Busting sanctions

April 18, 2003

AT FIRST GLANCE it would seem that President Bush's call for the lifting of sanctions against Iraq makes perfect sense. The regime's gone, and with it the crime that led to sanctions in the first place. No?

Well, maybe. The problem is that the system of sanctions put in place after the first Persian Gulf war, and modified in 1995 to allow food for oil, is the means by which the United Nations engages with Iraq. Because of the sanctions, all of Iraq's oil sales and oil revenues are supposed to be handled by the United Nations. Not too surprisingly, the other members of the Security Council are not now keen to hand over that responsibility to the United States alone.

So sanctions - which in and of themselves no longer make much sense - become the tool by which the rest of the world can wield some influence over the shaping of Iraq's future.
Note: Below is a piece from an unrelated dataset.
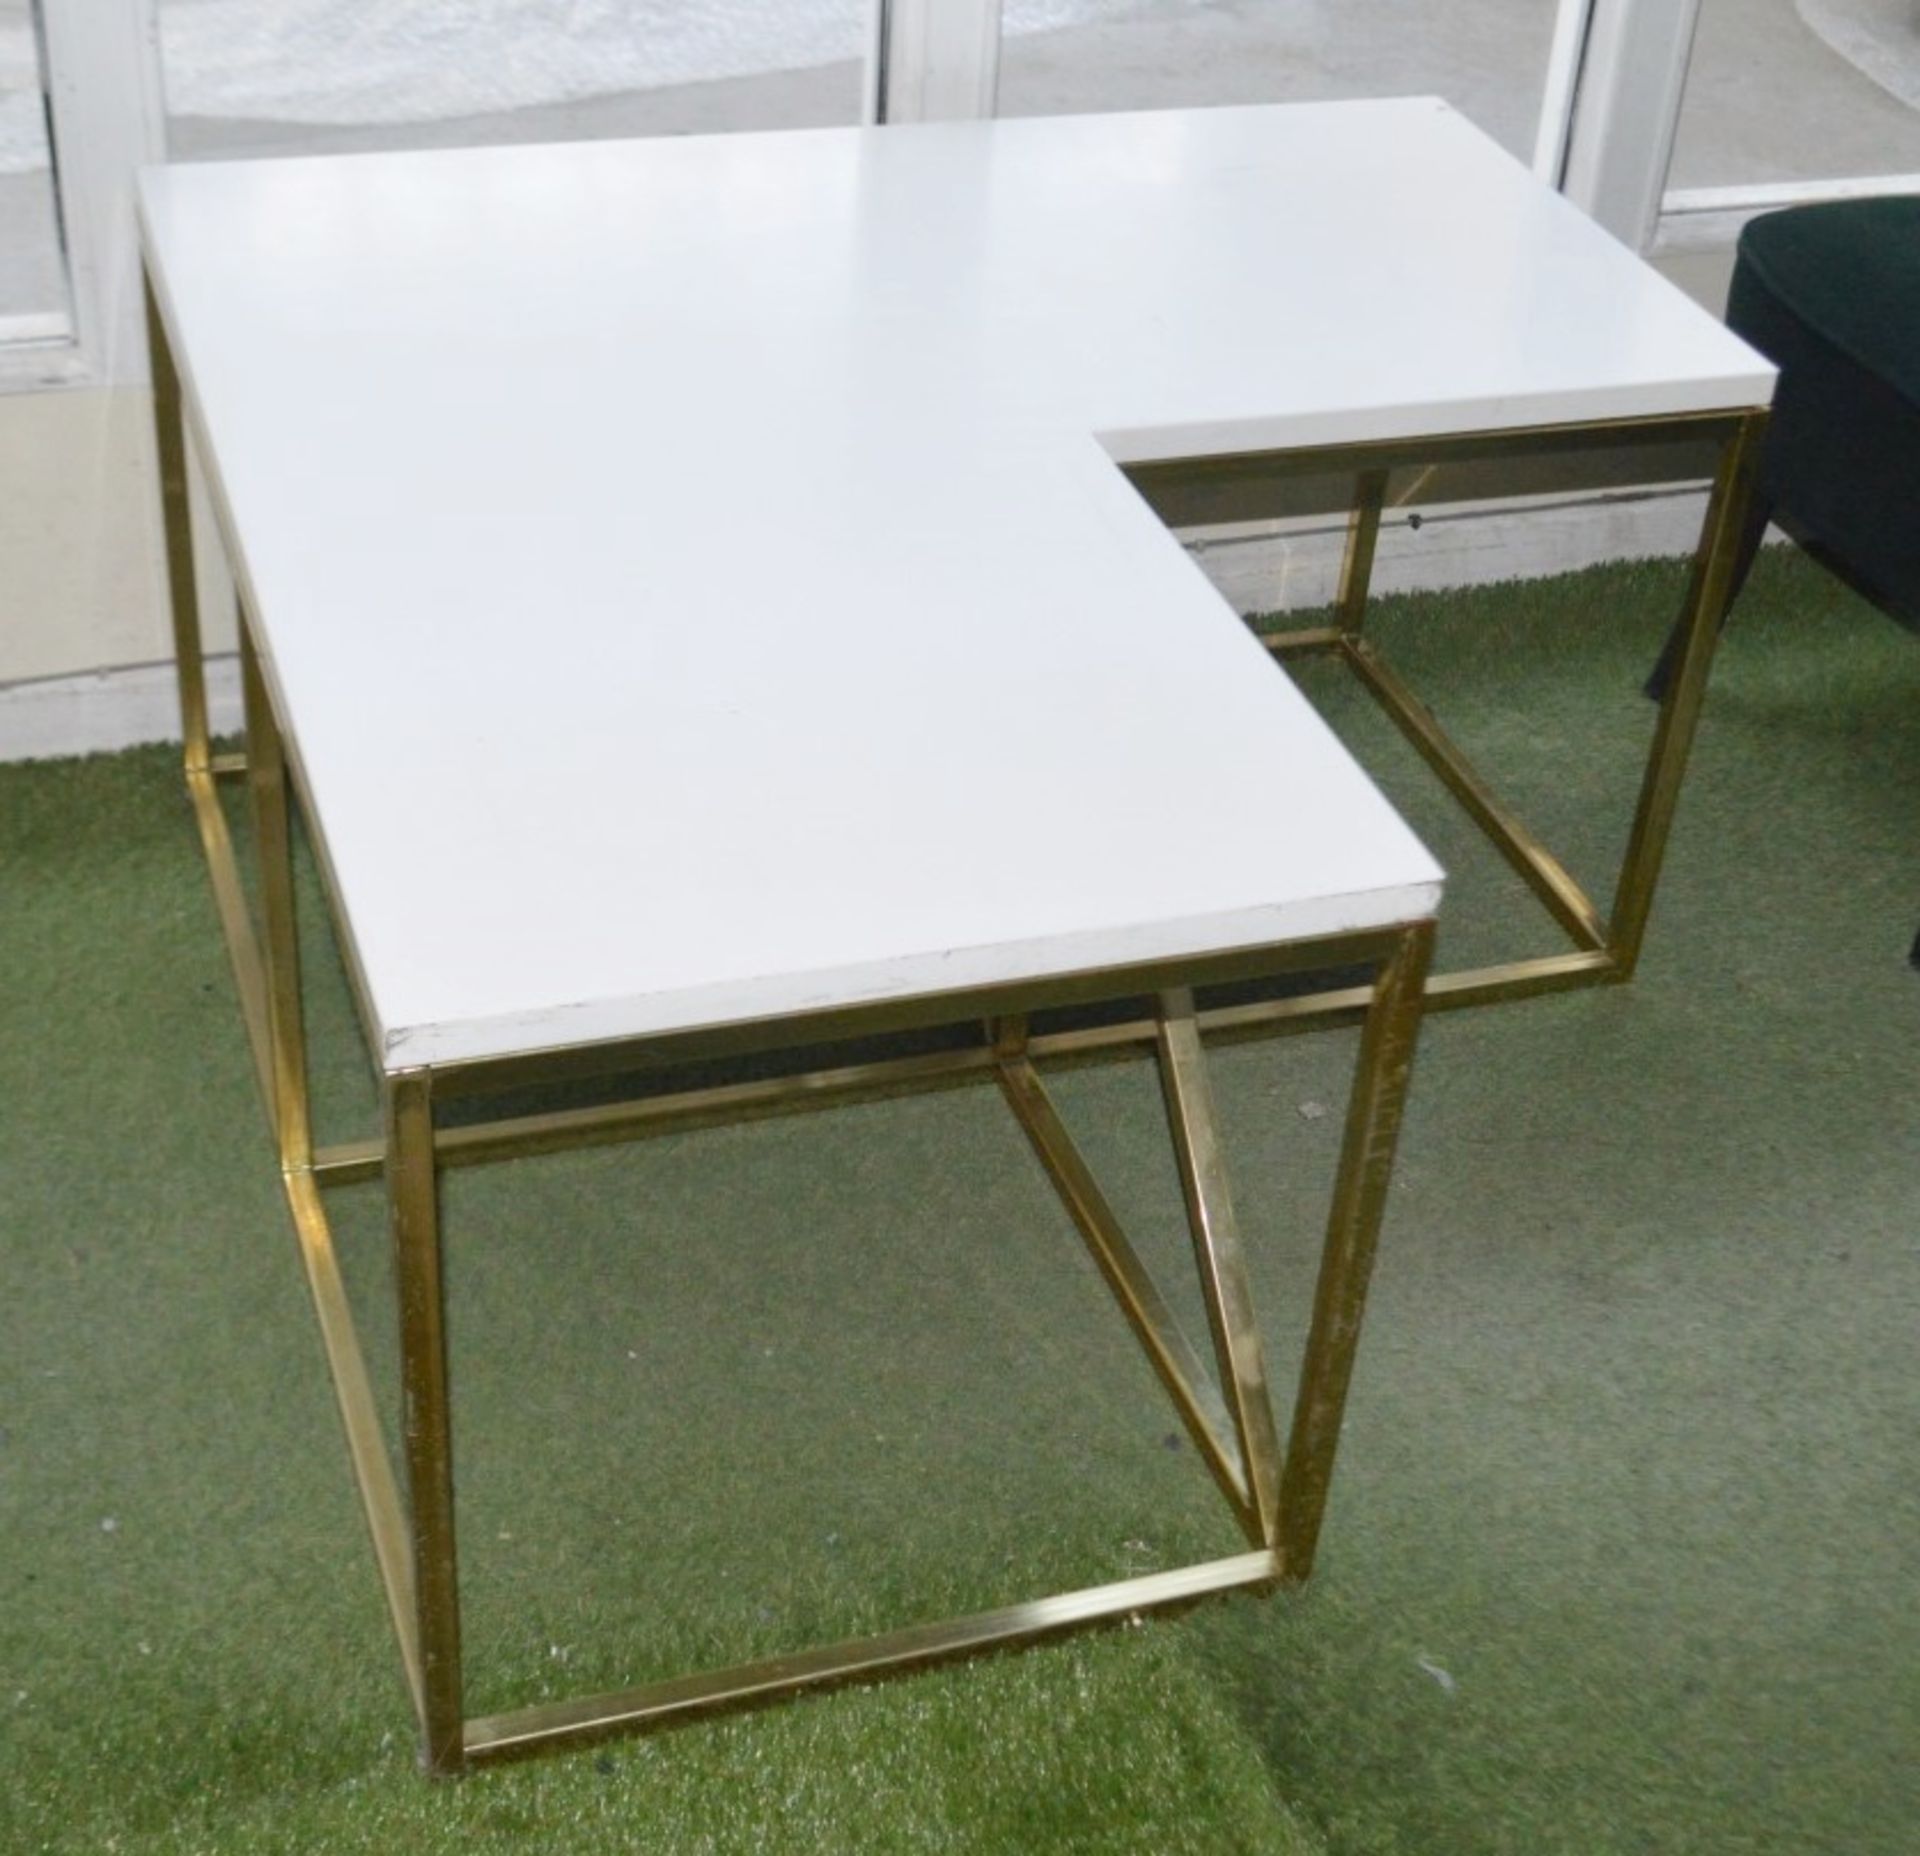 2 x Designer Display Tables With Gold Bases - Ex-Showroom Pieces - Ref: HAR120/121 GIT - CL987 - - Image 4 of 6

And even though it was American and British soldiers who did all the fighting, keeping the rest of the world in the loop on Iraq would, in the long run, actually be a good thing.

It's true enough that the United Nations didn't do a very good job of running the sanctions. A lot of oil was smuggled out of Iraq - as this week's revelation of a semi-secret pipeline to Syria makes clear - and a considerable amount of the revenue was diverted by Saddam Hussein's government toward its own distasteful uses.

But the sanctions provide the only sort of legal framework that exists right now.

Very soon, the Bush administration is going to realize that the assistance of other nations will be crucial to building a decent country. It's true in Kosovo and it's true in Afghanistan. Stiffing the United Nations and unilaterally violating the sanctions regime would cause no end of headaches - and mark the United States as something of a rogue nation.

By the same token, the members of the Security Council (France, for instance, and Russia) are going to have to realize that clinging to sanctions simply as a way to thwart the United States won't be very productive, either.

At the moment, though, each side seems intent on heading for a showdown. Maybe they're simply staking out positions before the serious haggling commences. But if that's not the case, yet another diplomatic train wreck could be in the offing - one that might actually do more lasting damage to the world body, and to international relations, than the war itself.